The Witch’s Hat, a children’s book by Irwin Dermer, illustrated by Tony and which was published in 1975, plunges one into surreal fairytale realms:








A children’s height chart for Clarks Shoes gives us a curving giraffe’s neck set against a deep-blue sky, the air around it teeming with enchanting small animals, birds and insects … all the creatures that children are drawn to, equally by their innocence and by their vibrancy.


















This 1982 advertisement for ICI Continental Quilts is something I recall gazing at in The Sunday Times Magazine not very long before I was introduced to Tony.

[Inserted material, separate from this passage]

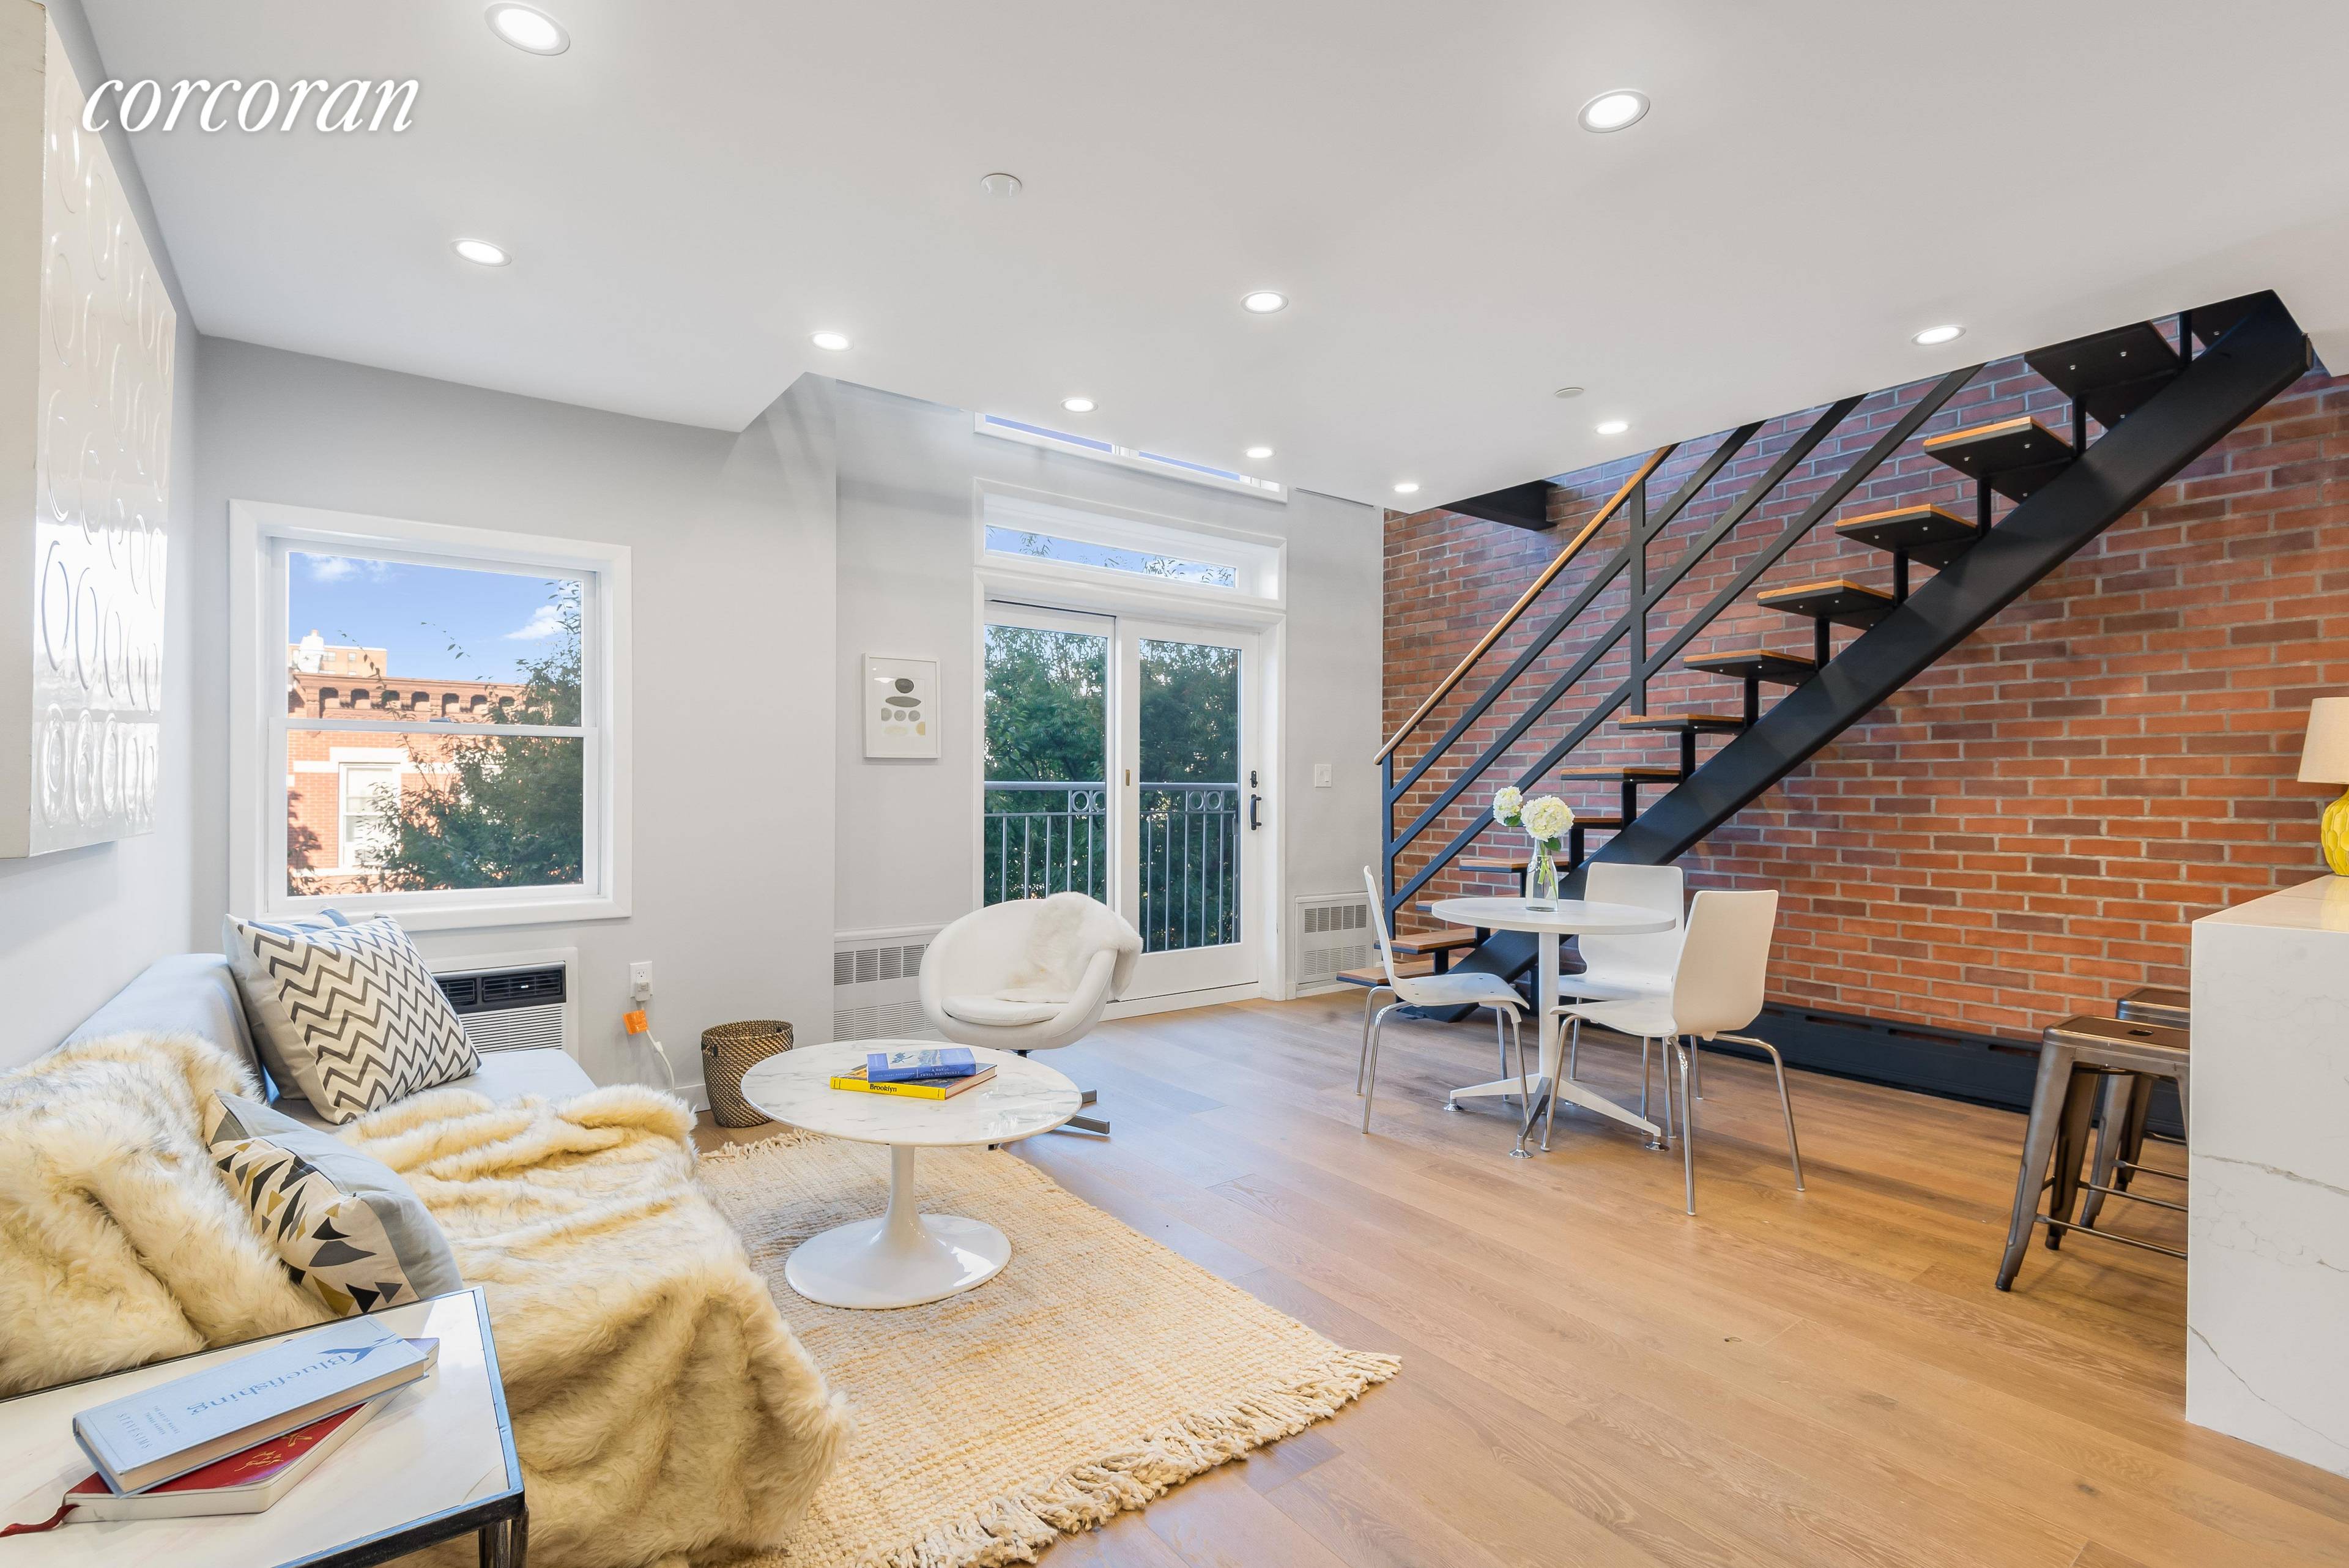 New to the market. 270 12th St is a brand new boutique condominium in Park Slope.

Peter Ashley, of Wolff Olins (the advertising agency responsible for commissioning this piece of work), says in his blog unmitigatedengland.blogspot.com :





On top of it all he's cheekily put his own book ‘The Witch's Hat’ on the windowsill, and the tapir trademark he did for his agent in a frame up on the dragonfly-wallpapered wall.”






In 1973, John Gorham and Peter Jennings published the book, ‘The English Difference’. Tony provided the cover illustration as well as an inner one.






Tony designed thirty covers for Penguin Books between 1970 and 1977. Penguin art director David Pelham commented,

"....he was a keen reader with a sharp insight, able to absorb the essence of a book and to consequently define it with a strong and relevant image."

One project for Penguin was a series of cover illustrations for the novels of Paul Gallico.




Tony’s own book ‘Remarkable Animals’ is a delight for children and adults alike. Published in 2001, it is reminiscent of parlour games such as Consequences. With the idea deriving from Tony’s father’s set of 1930s cigarette cards called ‘Animalloys’, there are 1000 comical animal combinations, with equally fantastical descriptions, produced by changing the tri-split pages at random. Laughter and a certain amount of wonder inevitably ensue!



The title, I hear from Don, echoes that of Gurdjieff's book, Meetings with Remarkable Men'.


But now to the point of this piece! A book celebrating Tony's work, ‘The World of Tony Meeuwissen: A Life in Illustration and Graphic Art', has just been released!




This exquisite monograph was published by the urbane Nicholas Dawe, the founder of Folio Illustration and Animation Agency and long-time supporter of Tony and his work. It's packed chockfull with illustrations, presented alongside Tony's in-depth and fascinating commentary. There are Appendices shedding even more light on background and process.


There is even a preliminary study (popped into the book just before it went to press) for a recent commission by The Swiss National Co-ordination Centre for Crayfish. Called The Garden of Earthly Crayfish, it is a pastiche based on one of Hieronymous Bosch's more famous works.


I rather like Tony's wry inclusion of Bosch's words:


"For poor is the mind that always uses the ideas of others and invents none of its own."

Don and Tony recently met up to drink wine, to chew the fat and to start incubating ideas. Don came home with a brown-paper-wrapped parcel under his arm, ready to pull open and reveal to me this tight collection of a life’s work, and to start discussing the possibility of a show of Tony’s work in Gallery 9.


Having visited his shows at both Stroud and Cirencester's museums in the last ten or so years, I know the extraordinary impact that his work, when brought together, can have. Both museums declared later that his shows were the most successful they had ever put on.


The Museum in the Park, Stroud, said,


"Across the board our visitors expressed surprise, astonishment and admiration for his very intricate & expressive art works. Tony's humour and clever interpretation with attention to detail appealed to a wide audience of all ages and backgrounds, with many returning for a second look."


The Corinium Museum in Cirencester declared,


"It was a wonderful exhibition .... customers are still talking about it ..."


Now, a few years on, we are preparing, albeit on a slightly smaller scale, to share some of this enchanting work in our part of the county.





Signed copies of Tony’s book are already to be found in Gallery 9. And, as the plan for a show begins to hatch, it is, for us, a most exciting moment in time!